(Input for this task begins)
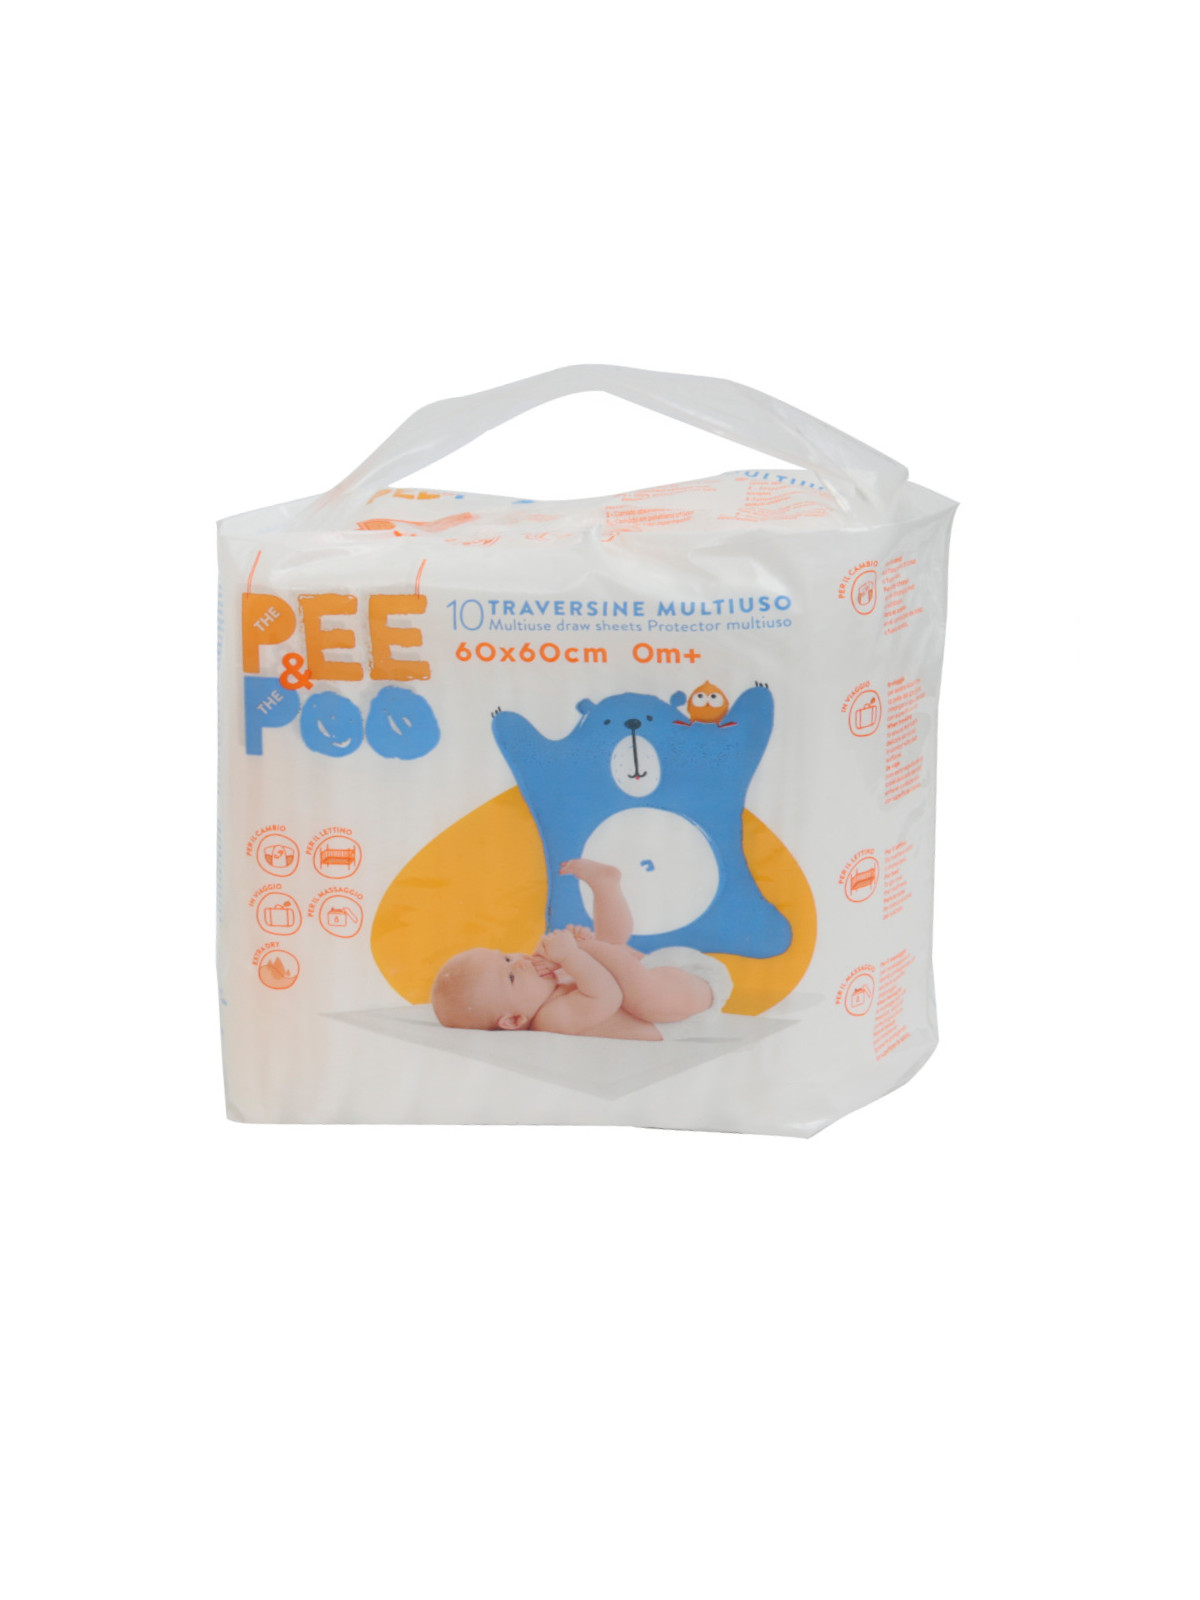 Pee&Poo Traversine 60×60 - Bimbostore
(Input for this task ends)
(Input for this task begins)
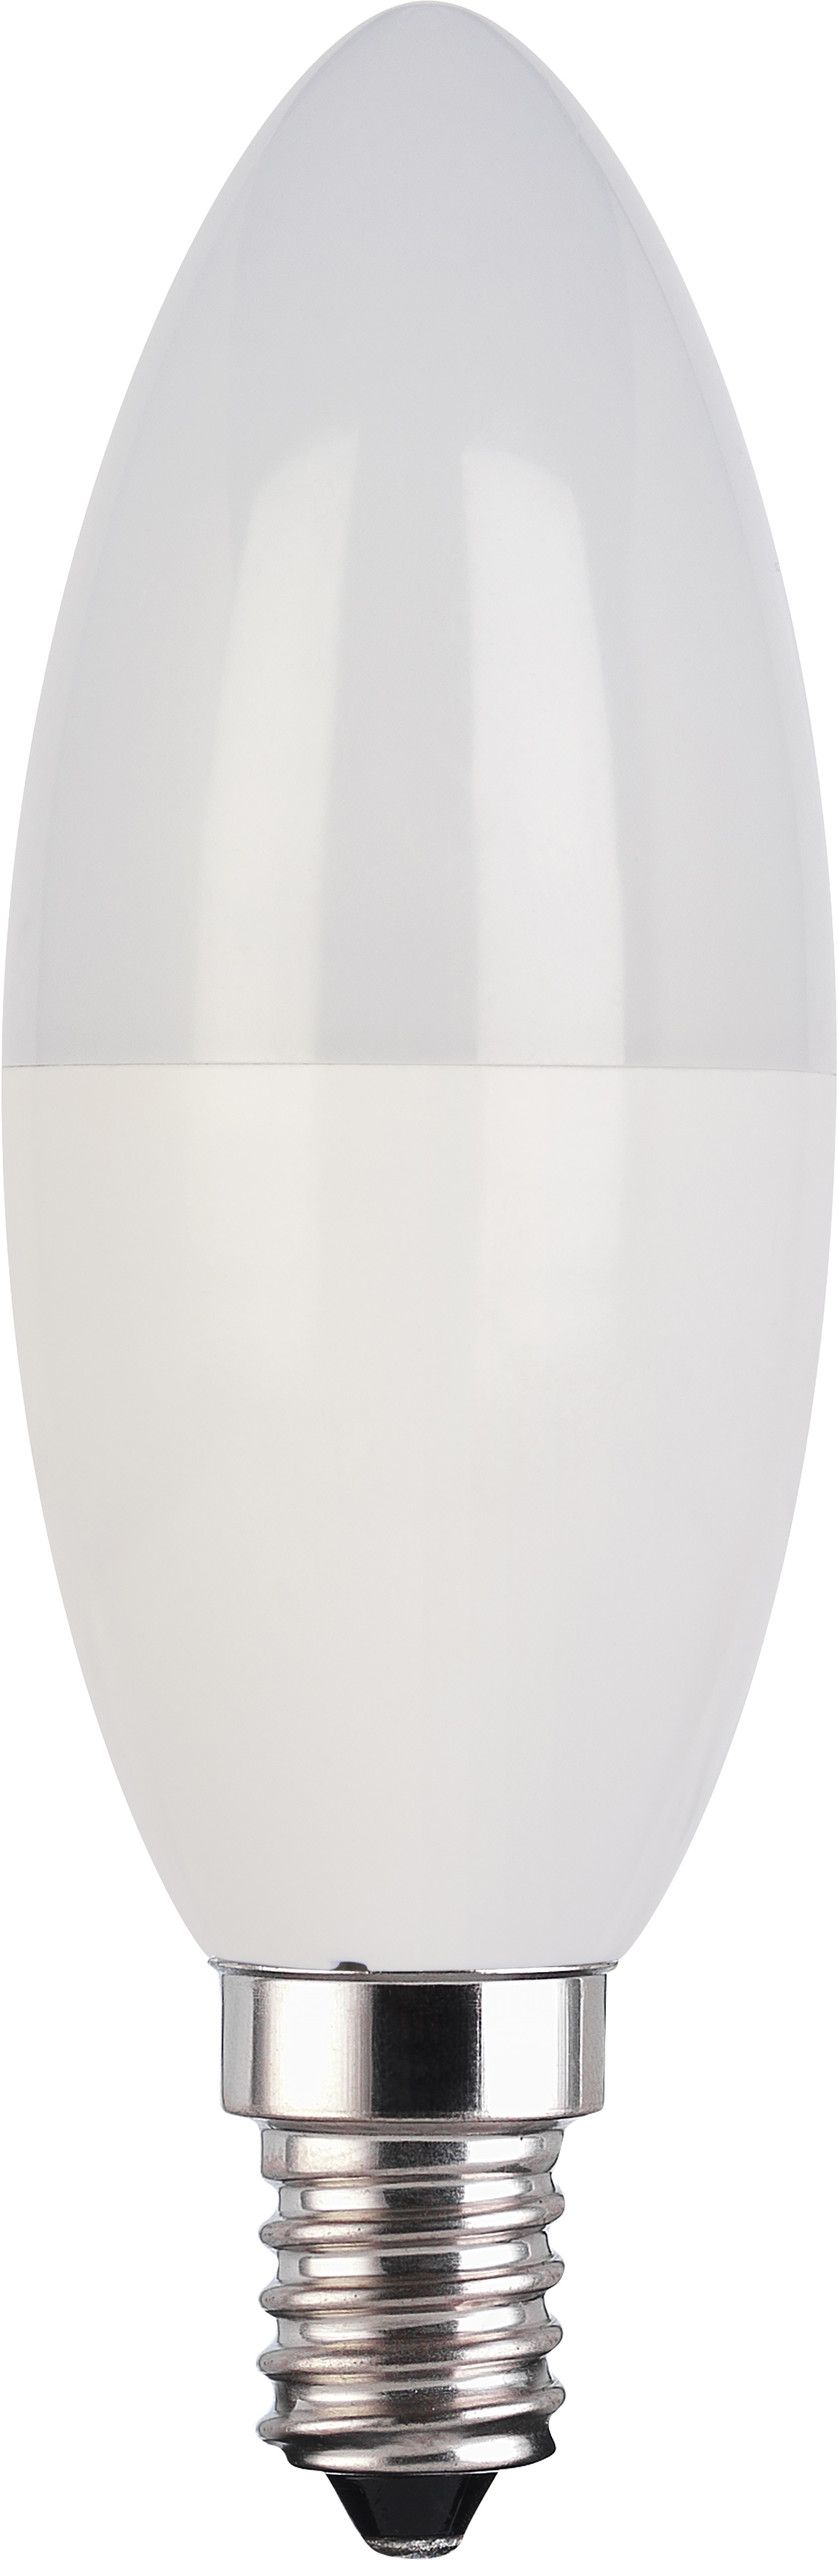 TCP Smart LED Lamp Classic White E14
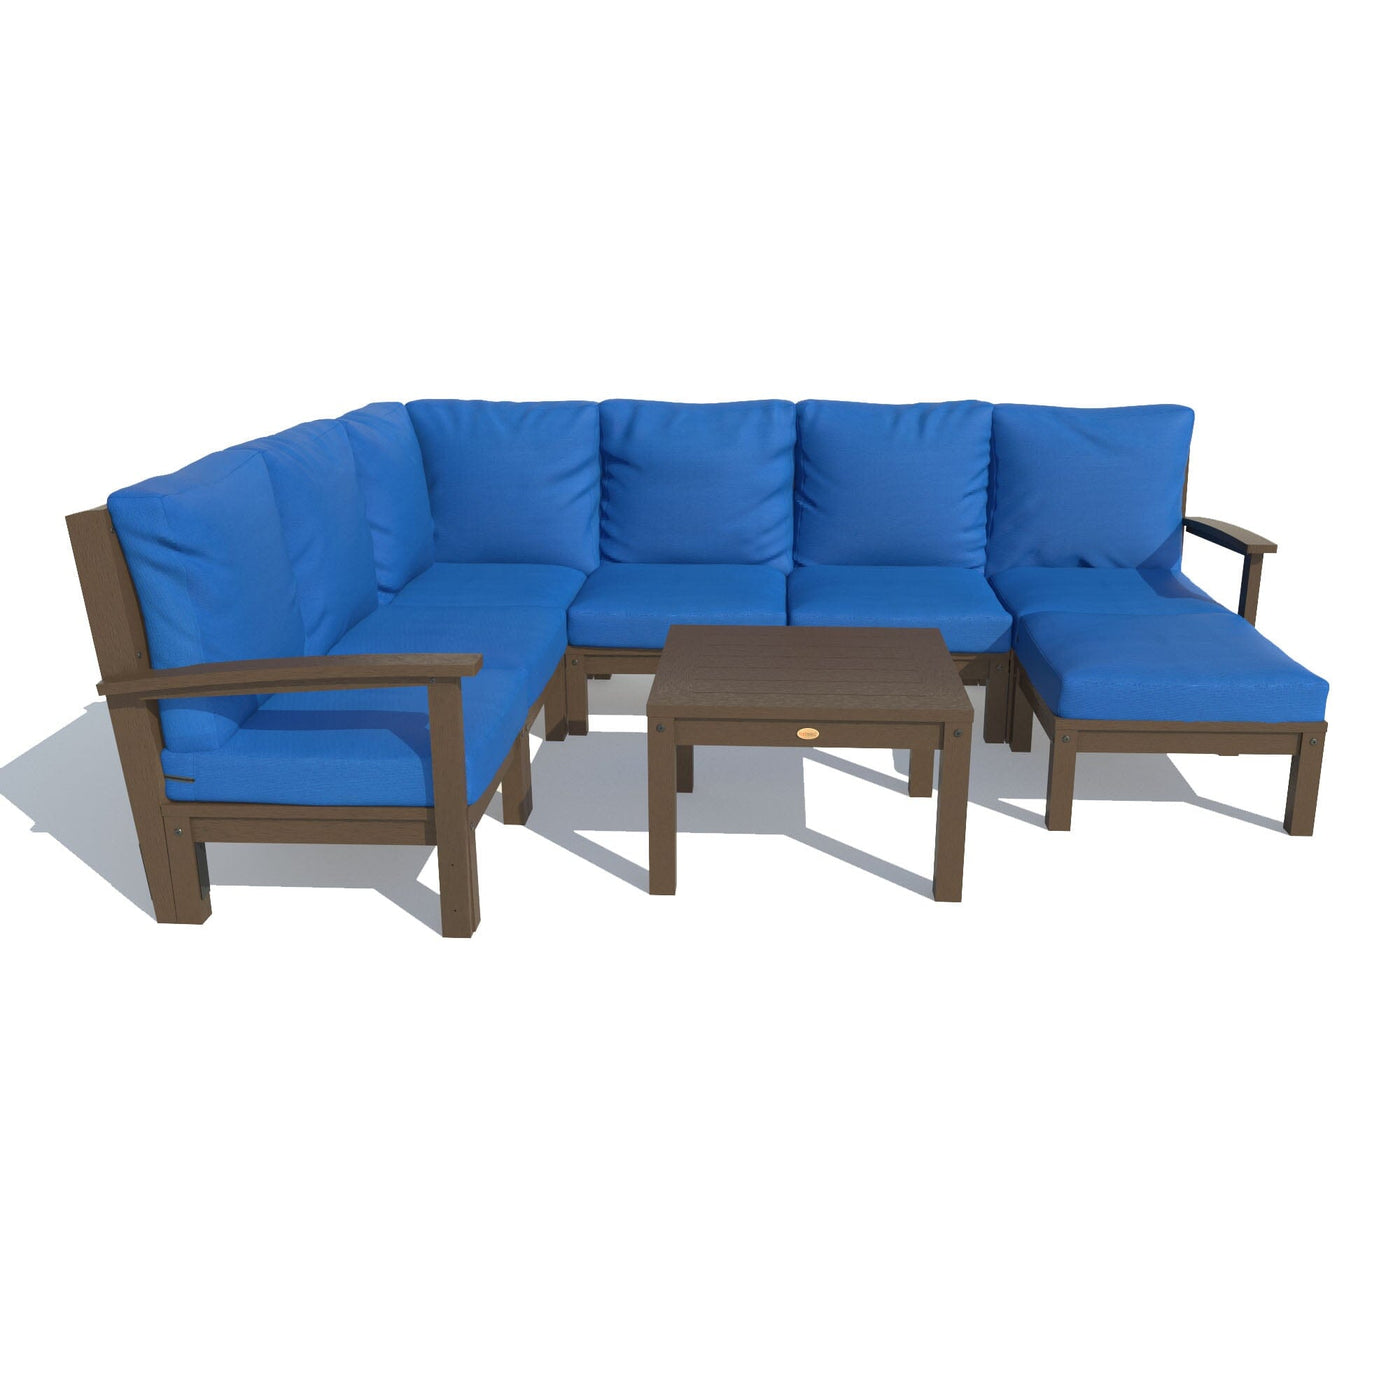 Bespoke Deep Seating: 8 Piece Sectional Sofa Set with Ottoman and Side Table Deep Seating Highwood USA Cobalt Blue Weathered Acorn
(Input for this task ends)
(Input for this task begins)
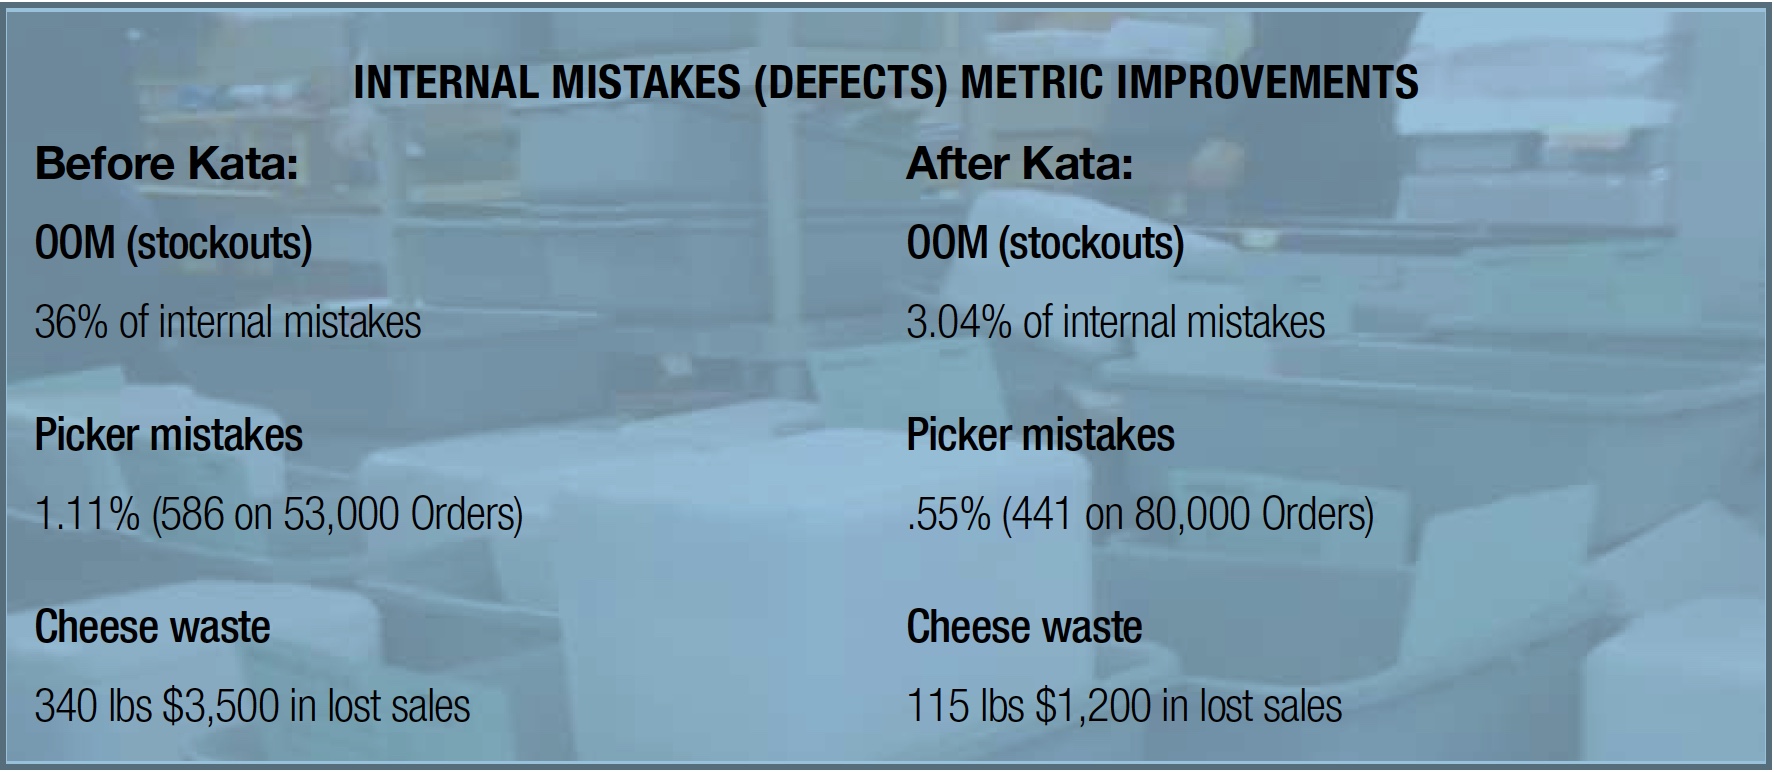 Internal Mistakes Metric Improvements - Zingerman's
(Input for this task ends)
** Goal of the exercise **
The answer must be the lines above from the one containing "TCP Smart LED Lamp Classic White E14" through the one containing "Bespoke Deep Seating: 8", reproduced exactly, with no pictures and nothing else.

** Result below **
 TCP Smart LED Lamp Classic White E14
 Bespoke Deep Seating: 8 Piece Sectional Sofa Set with Ottoman and Side Table Deep Seating Highwood USA Cobalt Blue Weathered Acorn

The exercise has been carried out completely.